Но нет, в равнодушии ко мне его нельзя упрекнуть. Во всяком случае, иной раз он удостаивает меня вопросом о моей семье, сдал ли экзамены сын, поправилась ли жена после болезни и собираемся ли мы всей семьей отправиться отдыхать на юг.

Я понимаю, даже если он и притворяется, будто бы его интересуют мои личные дела, все равно он не останется ко мне равнодушным.

Нас связывает очень многое. Если бы Вова Широков знал, как все было, всю неприглядную, даже страшноватую правду наших отношений, он не преминул бы сказать:

— Вас держат узы совместной подлости.

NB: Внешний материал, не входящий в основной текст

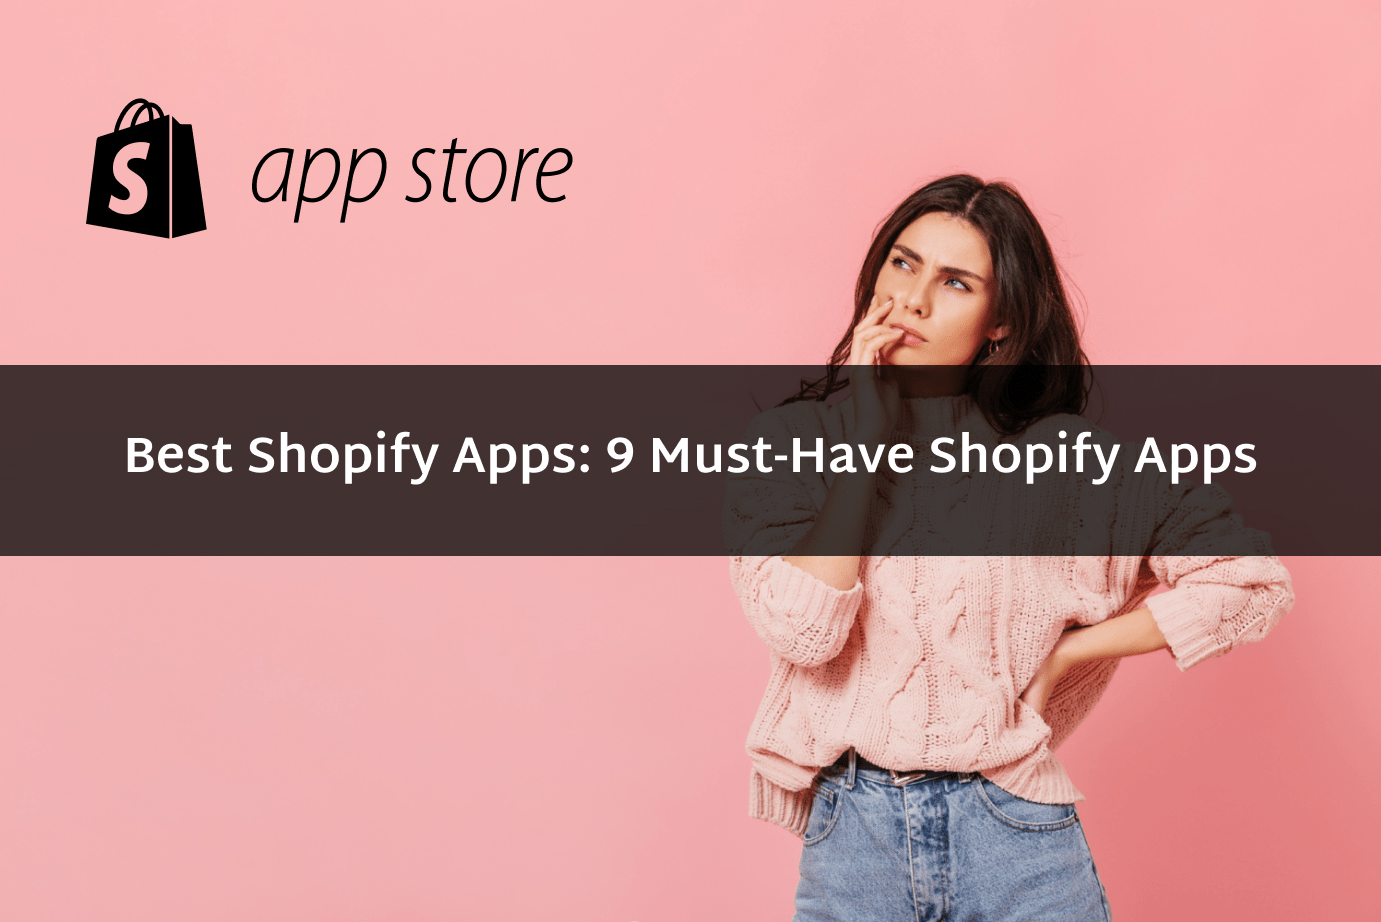 Best Shopify Apps: 9 Must-Have Shopify Apps

А это — самые крепкие узы на свете.

Так он выразился однажды об одном знакомом академике, человеке не самой высокой нравственности, и о его товарище студенческих лет, с которым академик на диво всем продолжал дружить и общаться, хотя товарищ этот был, откровенно говоря, подонок и завзятый алкаш.

Порой, когда не спится ночами, а со мной это случается часто, вспоминается мне прошедшая жизнь со всеми ее перипетиями, со всеми сложностями, на смену которым явилась в конечном счете абсолютная пустота.

Мне вспоминаются неосуществленные желания, томит сознание собственных непоправимых ошибок, и я думаю о том, что все, решительно все могло сложиться иначе, и тогда не надо было бы столько лгать, кривить душой, лицемерить, льстить, притворяться, лукавить и, наконец, откровенно подличать…

Тогда я начинаю завидовать, я остро и безнадежно завидую Вове Широкову, за плечами у него ясная, чистая жизнь, его одолевали лишения и трудности, которых мне не довелось пережить, но зато он не совершал ничего худого, никому не причинял зла и его не угнетает сознание собственной горькой, неудавшейся судьбы, неудавшейся, несмотря на все кажущееся благополучие и даже известный жизненный комфорт.

Ночью нередко мне представляется Кучумов, так блистательно начинавший когда-то и теперь, по слухам, уже многие годы работающий где-то в тьмутаракани, куда он уехал после памятного обсуждения комиссии, разбиравшей письмо бывших его пациентов.

В ночной темноте я вижу так ясно, словно в окне светлый день, строчки анонимных писем, которые я рассылал по приказу старика в различные инстанции, различным высоким деятелям, мне вновь и вновь слышится собственный голос, как бы дрожащий от избытка чувств, вежливо или яростно, смотря по душевному настрою, изобличающий кого-то неугодного, нежеланного, неудобного ему, старику, моему шефу. У нас разработано и продумано все до мельчайших деталей, я громлю, он останавливает меня, я — максималист, он — мягкий, терпимый, не в силах справиться со мной, я требую применить к кому-то, неугодному, самые строгие санкции, он — напротив, старается все сгладить, смягчить, погасить пожар, готовый вспыхнуть.